BFD* species delimitation using SNPs indicated clear support for splitting northern and southern S. hesperis into distinct species (Fig. 3a). Both Structure and TESS failed to recover any substructure in northern S. hesperis despite broad geographic sampling, and TreeMix and f 3 analyses indicated probable gene flow between northern S. hesperis, southern S. hesperis, and S. zerene, particularly in or near the central population of southernS. hesperis (Fig. 2, Table S2). This is also the approximate boundary between the sampled northern and southern S. hesperislineages, so it is possible that northern S. hesperis expanded poleward from this geographic region into newly available habitat following the last glacial retreat, and that these lineages may have initially continued to exchange genes with each other and S. zerene . If this hypothesis is accurate, then the lack of recovered population structure in northern S. hesperis may be partly reflective of this recent range expansion, as well as due to few barriers to dispersal and gene flow in the relatively homogenous prairie/open forest habitat of northern S. hesperis compared to the more disjunct habitat of southern S. hesperis in the southern Rocky Mountains. The haplotype sharing between S. zerene and northern and southern S. hesperis further suggests that introgression between these species occurred prior to this range expansion, and emphasizes that COI is only partially informative for clarifying species boundaries in this complex. ENMs similarly suggest that ecologically-based divergent selection is likely a principal process underlying divergence and reinforcement of the northern and southern lineages, even in the absence of barriers to dispersal.

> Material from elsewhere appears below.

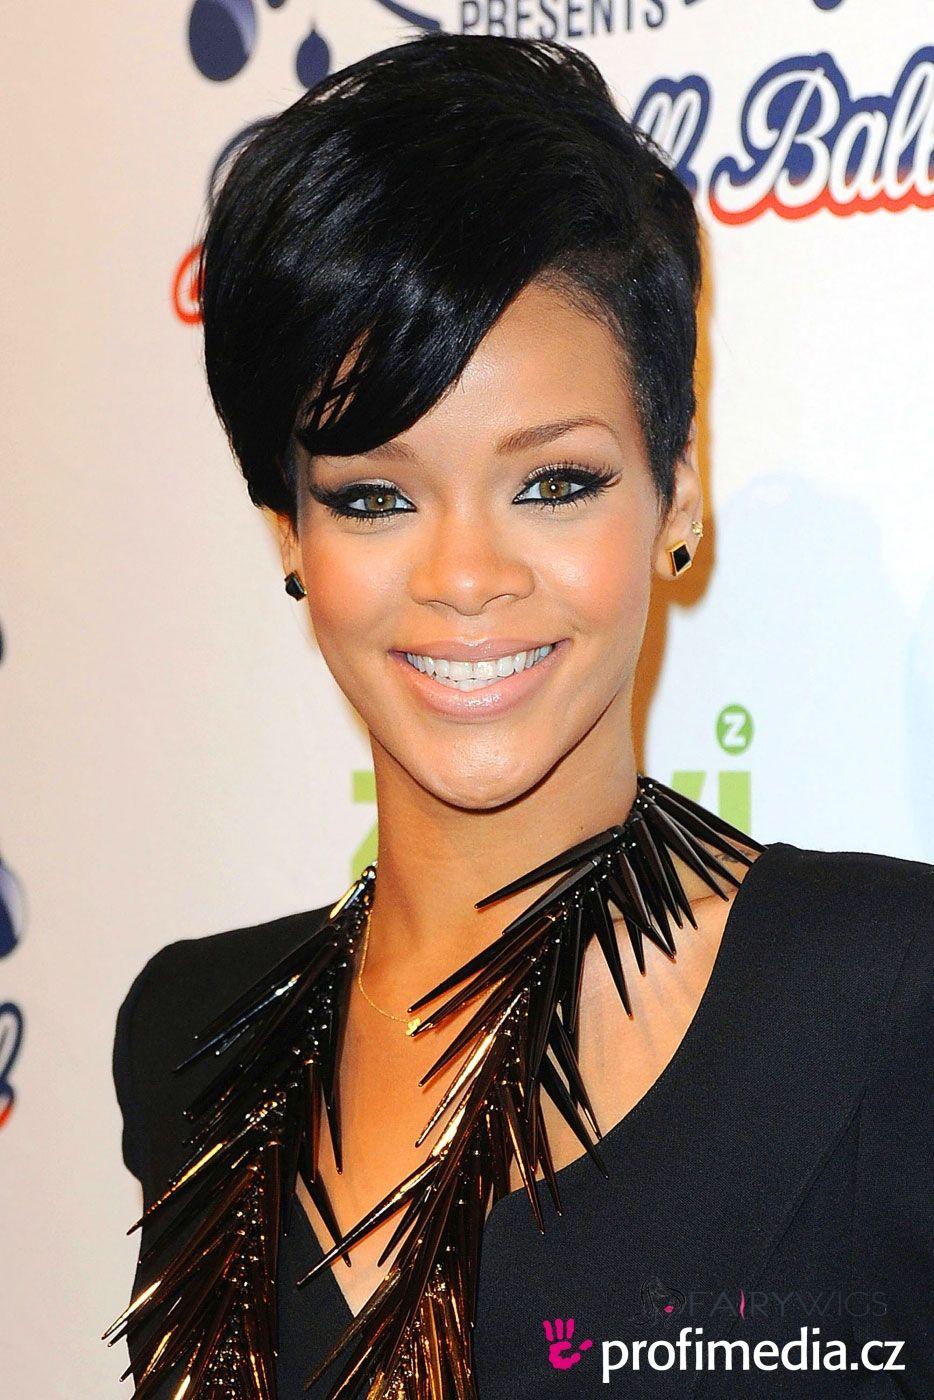 Stunning Short Black Female Celebrity Hairstyle : fairywigs.com ...

Taxonomic revision to S. hesperis
Our results unambiguously support recent evolutionary and ecological divergences between northern and southern lineages of S. hesperis , but also indicate that these lineages currently exist as distinct entities shaped by interactions with other species and the environment that nonetheless maintain their genomic integrity. We therefore recommend that the two lineages should be recognized as distinct species. Following taxonomic priority (Pelham 2019), the northern lineage should continue to be referred to as S. hesperis , and the oldest southern subspecies name sampled in this study, S. h. nausicaa , should be elevated to species level,S. nausicaa , to represent the entire southern lineage. This taxonomic revision remains a hypothesis that requires further sampling and genomic assessment, particularly in California and the Great Basin, where lineages that diverged before the Pleistocene may persist. We also detected introgression between S. zerene and S. hesperis/S. nausicaa that may be a source of nuclear gene tree-species tree discordance. This should be pursued due to the conservation status of several S. zerene subspecies.